DenseAV Localizes Sound without Supervision:

Unsupervised Disentanglemnt of Sound and Language:

Abstract

We present DenseAV, a novel dual encoder grounding architecture that learns high-resolution, semantically meaningful, and audio-visually aligned features solely through watching videos. We show that DenseAV can discover the ``meaning'' of words and the ``location'' of sounds without explicit localization supervision. Furthermore, it automatically discovers and distinguishes between these two types of associations without supervision. We show that DenseAV's localization abilities arise from a new multi-head feature aggregation operator that directly compares dense image and audio representations for contrastive learning. In contrast, many other systems that learn ``global'' audio and video representations cannot localize words and sound. Finally, we contribute two new datasets to improve the evaluation of AV representations through speech and sound prompted semantic segmentation. On these and other datasets we show DenseAV dramatically outperforms the prior art on speech and sound prompted semantic segmentation. DenseAV outperforms the previous state-of-the-art, ImageBind, on cross-modal retrieval using fewer than half of the parameters.

Audio-Video Contrastive Learning

DenseAV can learn the meaning of words and the location of sounds using only self-supervision from video. To learn these patterns, DenseAV uses audio-video contrastiv learning to associate sound with the visual world. Intuitively speaking, its much easier to predict what you are seeing from what you are hearing when you understand language and can recognize sounds. This is how DenseAV can learn without labels.
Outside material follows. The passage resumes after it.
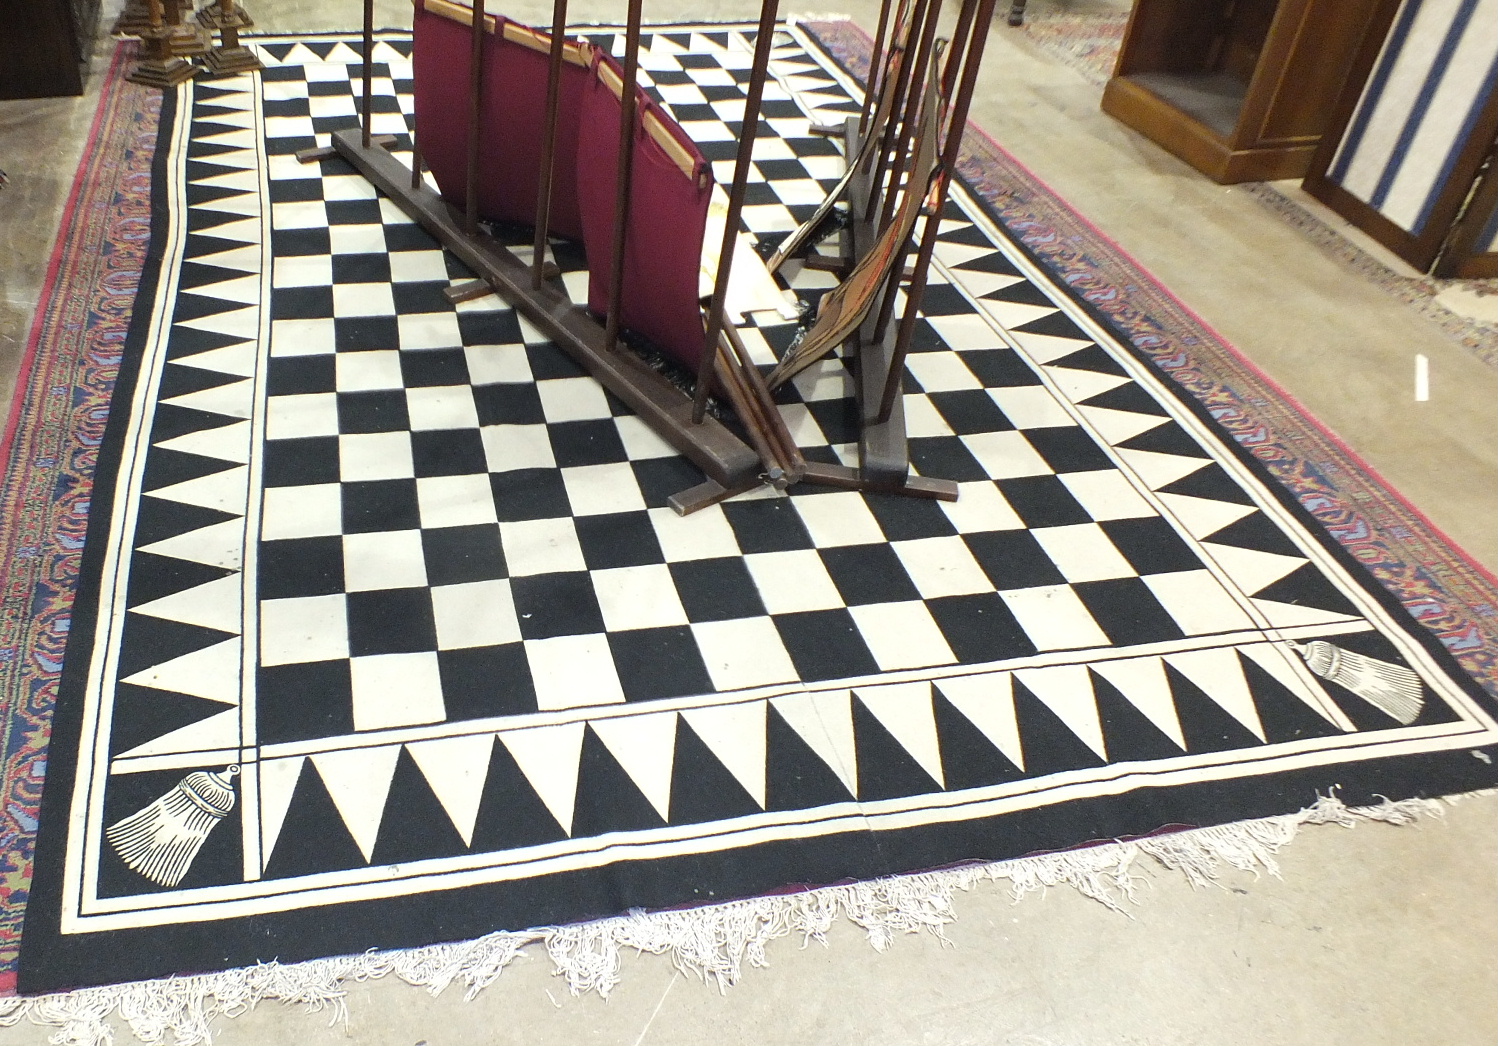 An HRA black and white chequered carpet, 256 x 365cm. - Image 2 of 2

Most Contrastive Learners Cannot Localize Sound or Language

Interestingly, contrastive learning with CLS tokens or average pooled representations isnt enough to be able to localize objects from sound and language. DenseAV uses a contrastive similarity based on inner products between local audio and visual representation tokens. This dramatically improves its ability to localize information.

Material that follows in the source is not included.